While that option might be “excellent” for users, it would not be for Instagram, which has more to gain in training its users to fetishize its algorithm. Instagram wants to guarantee its advertisers that certain kinds of “best” content get seen the most and is therefore the most valuable sort of content to advertise against. When platforms insist on showing users the algorithmically selected “best” content, it is not doing those users a special favor; it is not necessarily considering their interests at all. The fact that the algorithms draw on user data to “target” them doesn’t mean this is for their benefit. (In general, most people don’t want to be shot at.) The goal is to impose a particular notion of what “best” is: The sorting is a form of meta-advertising. Eventually users are supposed to accept that whatever they happen to see on a platform is “the best content for them,” and if that includes ads for the NFL or for White Claws or chicken sandwiches or Donald Trump, then so be it. What’s best is best.

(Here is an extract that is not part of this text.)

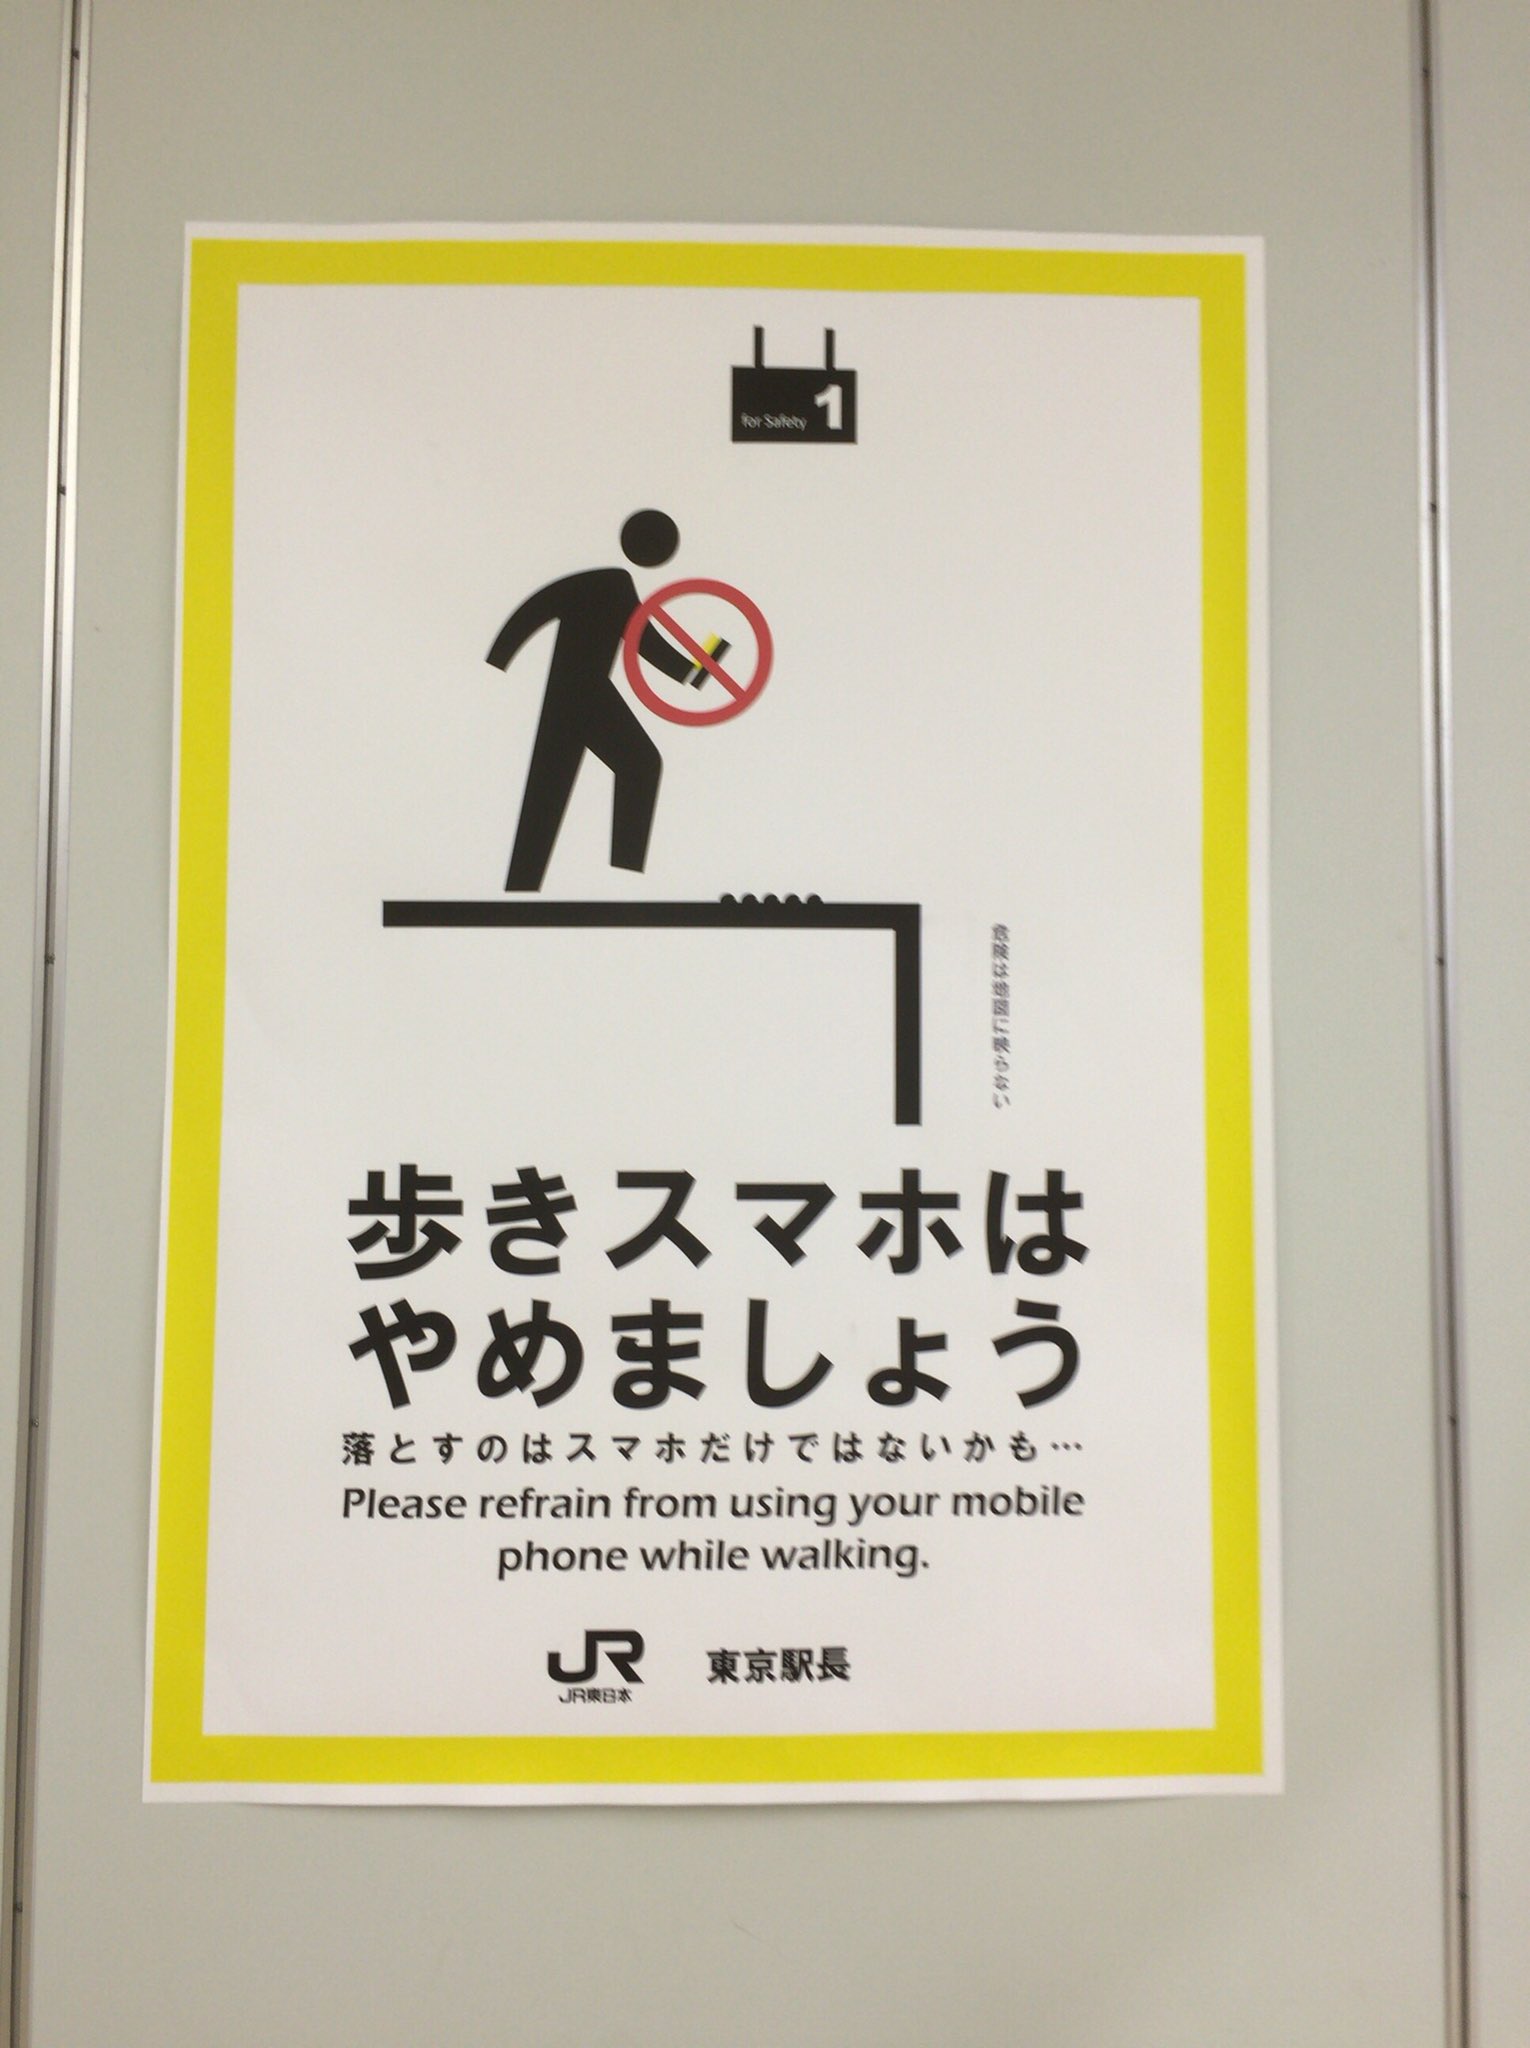 電車とエヌの博物館 Al Twitter 東京駅の歩きスマホ禁止ポスター 標語とか細かいところまで凝っている For Safetyという番線表示も洒落ている この番線のフォントは何線と一緒だとかあるのかな もじ鉄 などと T Co Qsqjar92w7 Twitter

The comment that Pasquale highlighted in that Reddit thread argues, “If you’re not self promoting and spamming and doing XYZ to your account, you’re basically a nobody. And these companies know that, so they only promote bigger people.” What this suggests is that the point of algorithmic sorting is to manufacture the “bigger people” and discourage the “nobodies” from cluttering up the field too much. They should “engage” in their little corner of the platform with their puny like counts but not expect to compete with the real players, the brands and the influencers in cahoots with them. Algorithmic sorting rewards and produces scale: a few users with big follower counts and interactions, and many millions who are content to be followers, presumed to be beyond the need for vanity metrics and far more delighted to just obey the feed and accept its flattering attention to their needs. Scale, after all, is the entire point of platforms: They exist to sell the opportunities to leverage it, and that is all. “Digital well-being” and “healthy conversations” are at best means, not ends.